# Input records:
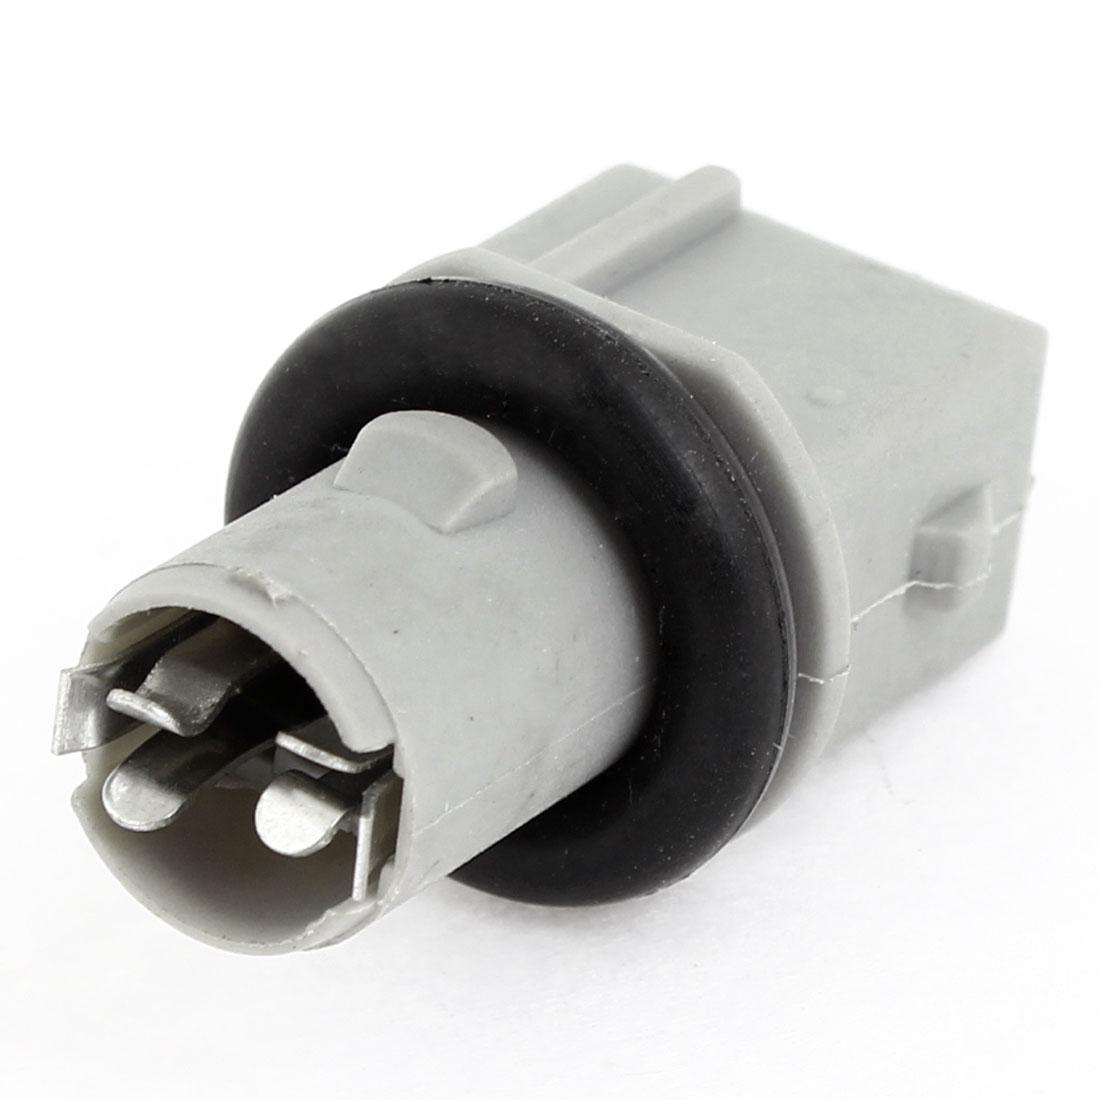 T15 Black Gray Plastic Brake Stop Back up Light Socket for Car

* * *

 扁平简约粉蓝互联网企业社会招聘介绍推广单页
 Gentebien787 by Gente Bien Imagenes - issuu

# Aim of the exercise:
Everything above from the line containing "扁平简约粉蓝互联网企业社会招聘介绍推广单页" through the line containing "Gentebien787 by Gente Bien Imagenes - issuu" must be copied exactly. Nothing outside that range belongs in the answer.

# Result below:
 扁平简约粉蓝互联网企业社会招聘介绍推广单页
 Gentebien787 by Gente Bien Imagenes - issuu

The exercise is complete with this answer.